### What you need to do
In duplicating the lines below, keep every word unchanged and drop the pictures.

### Data below
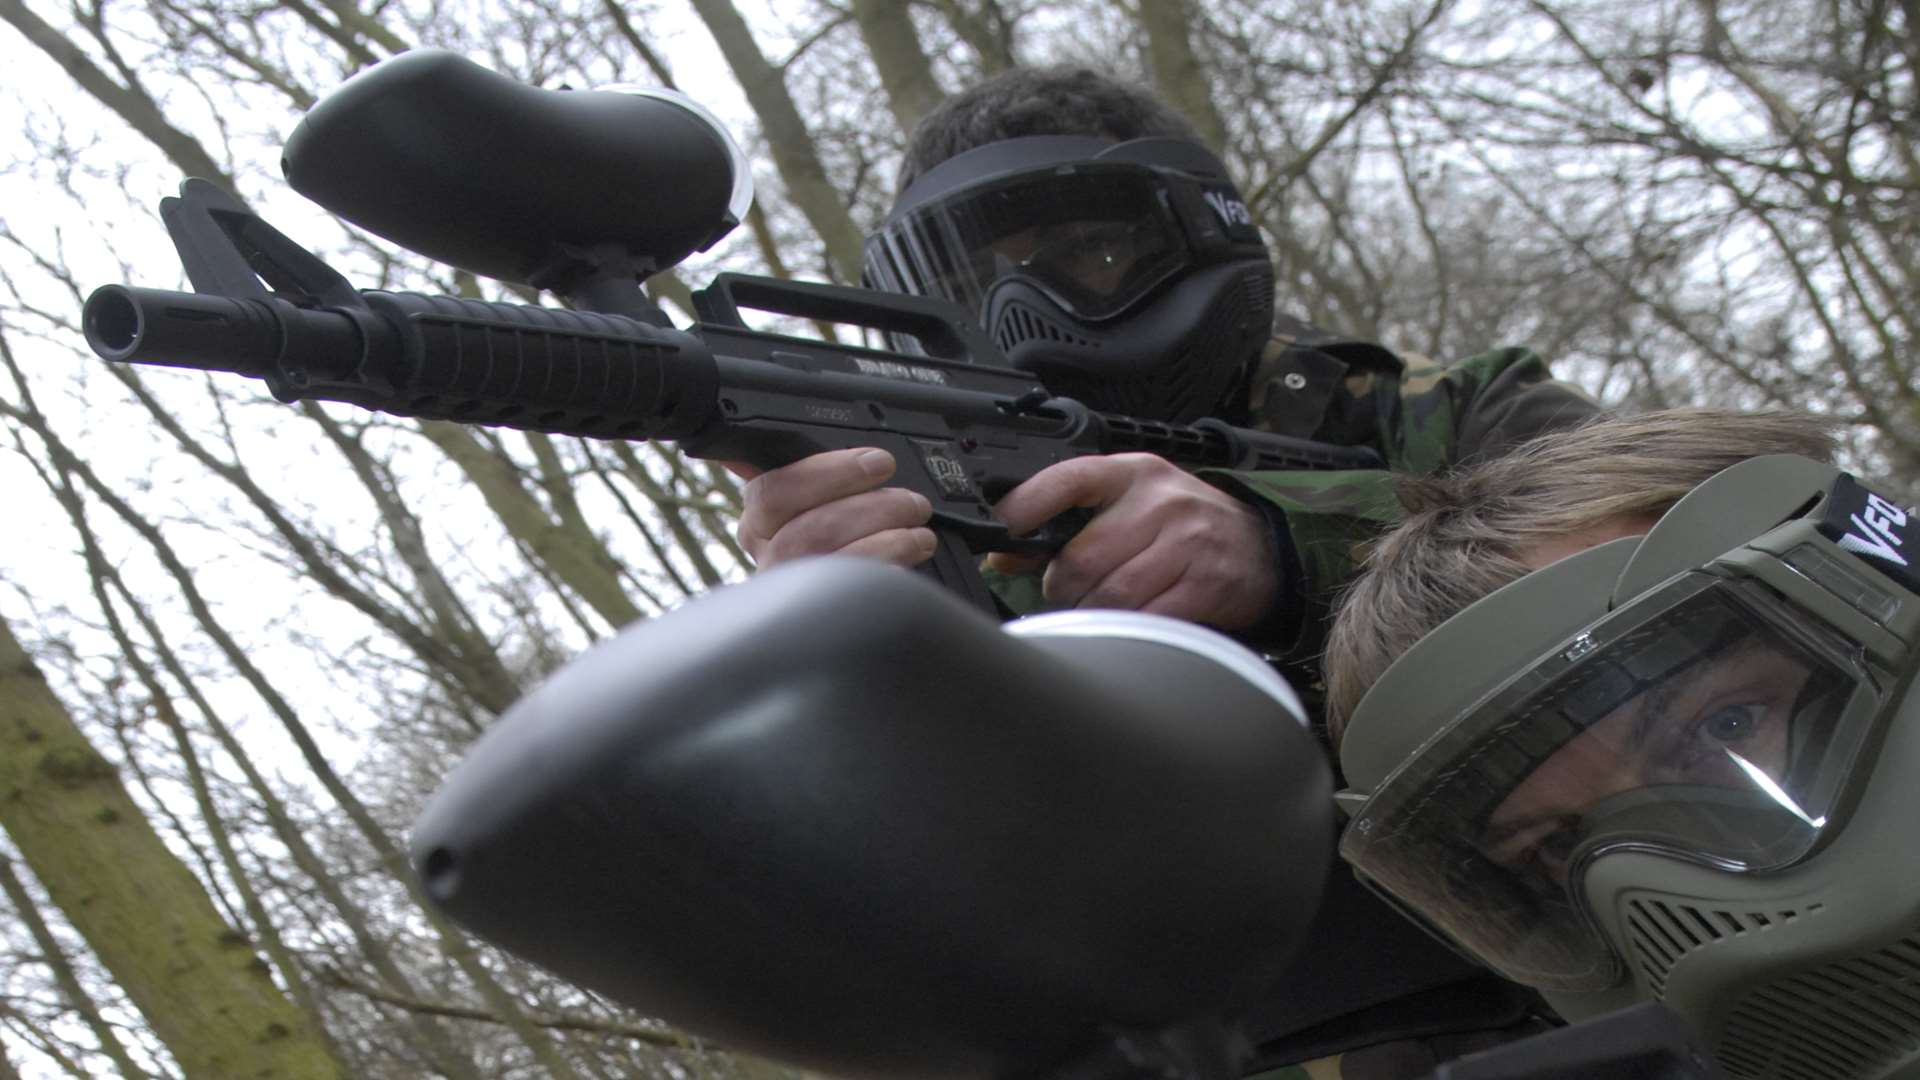 Airsoft is similar to paintballing
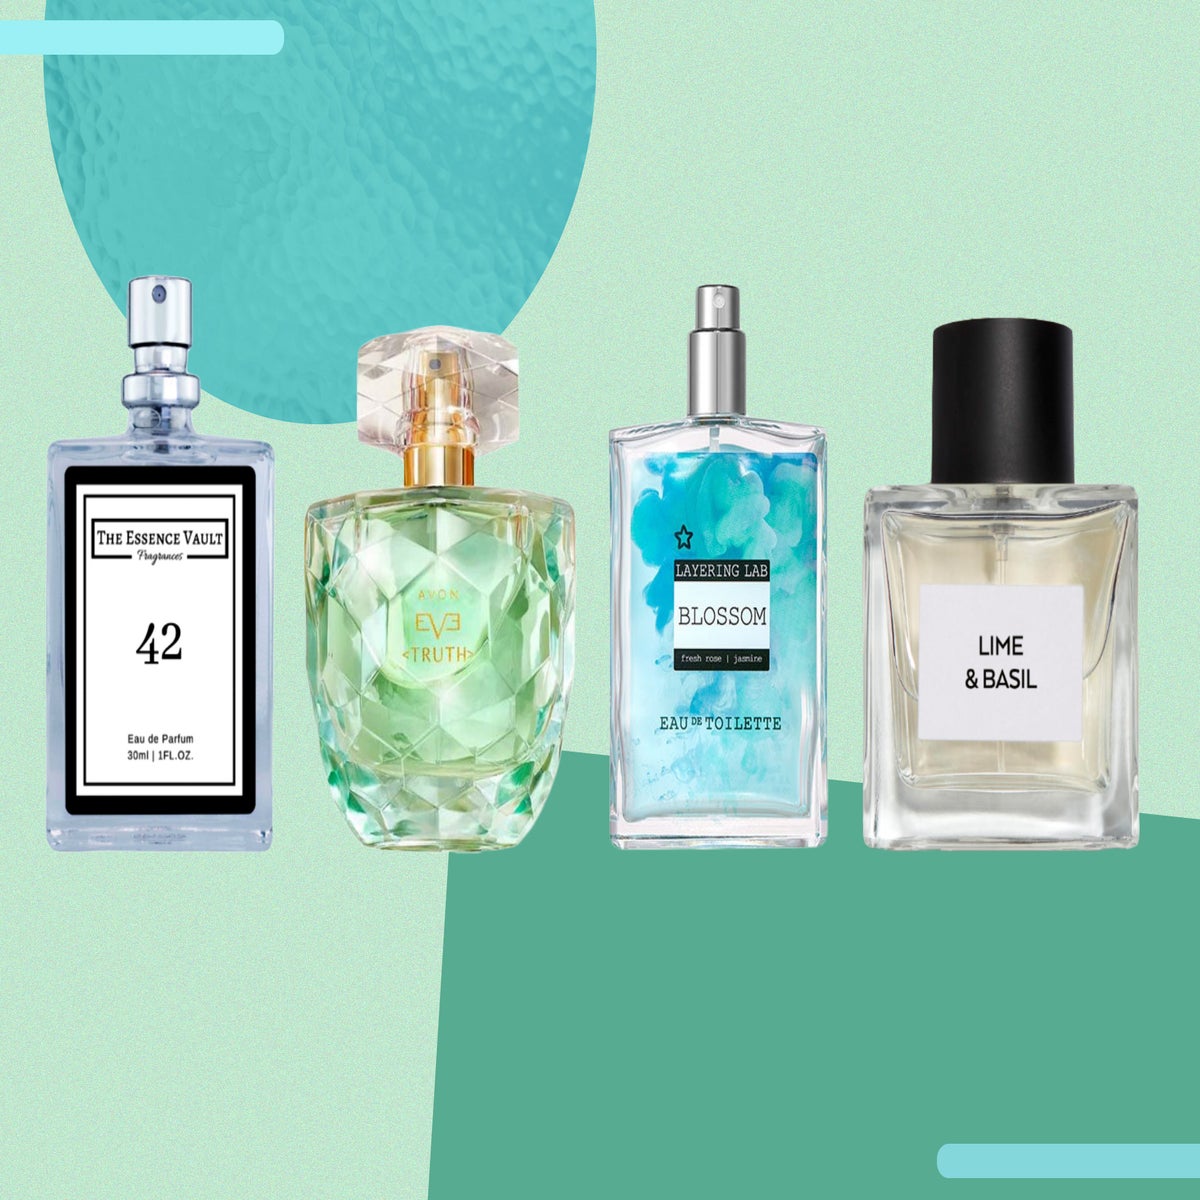 Best Perfume Dupes
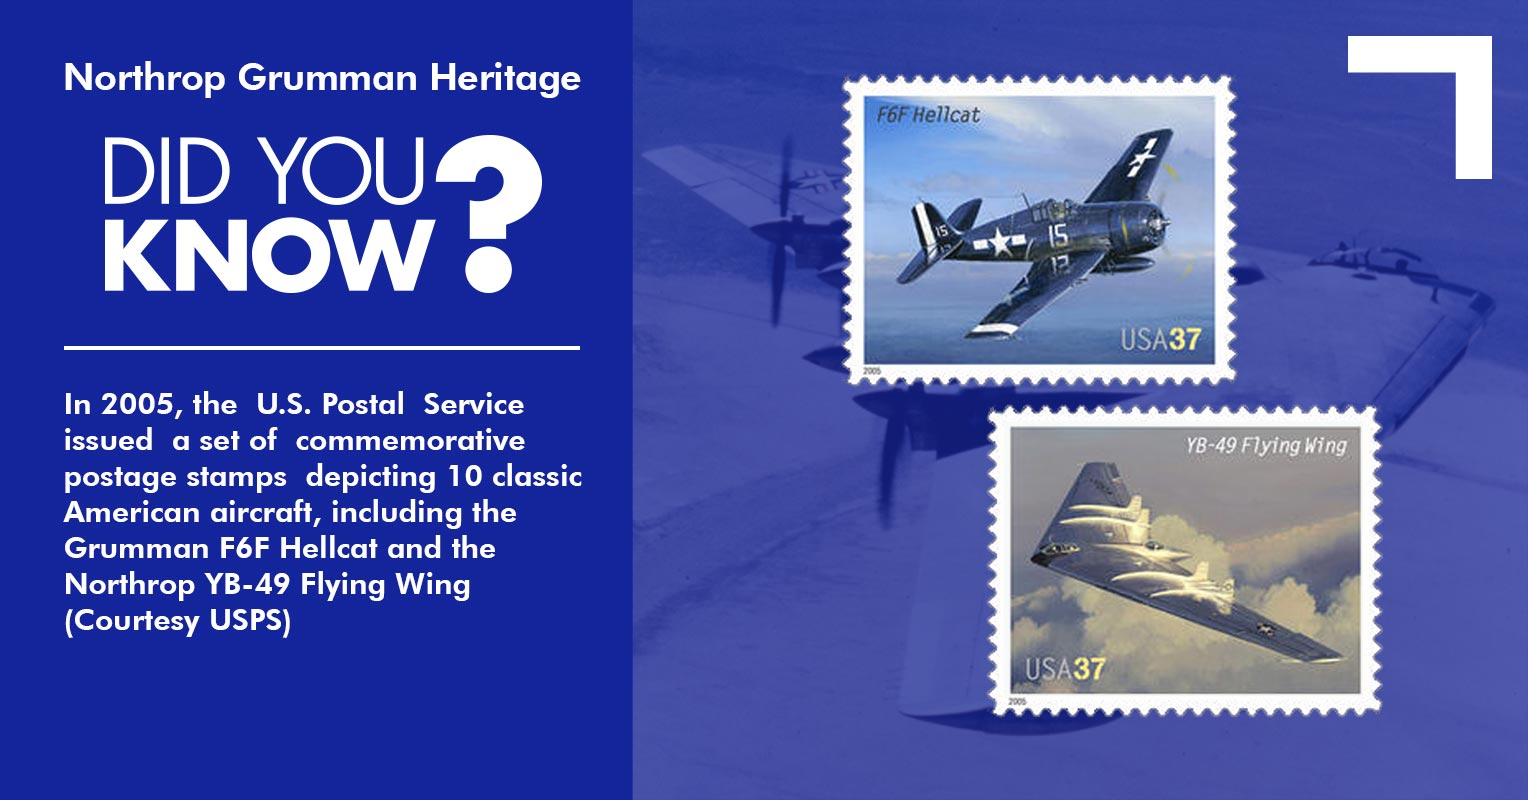 Postage stamps of two airplanes

### Output of the exercise
 Airsoft is similar to paintballing
 Best Perfume Dupes
 Postage stamps of two airplanes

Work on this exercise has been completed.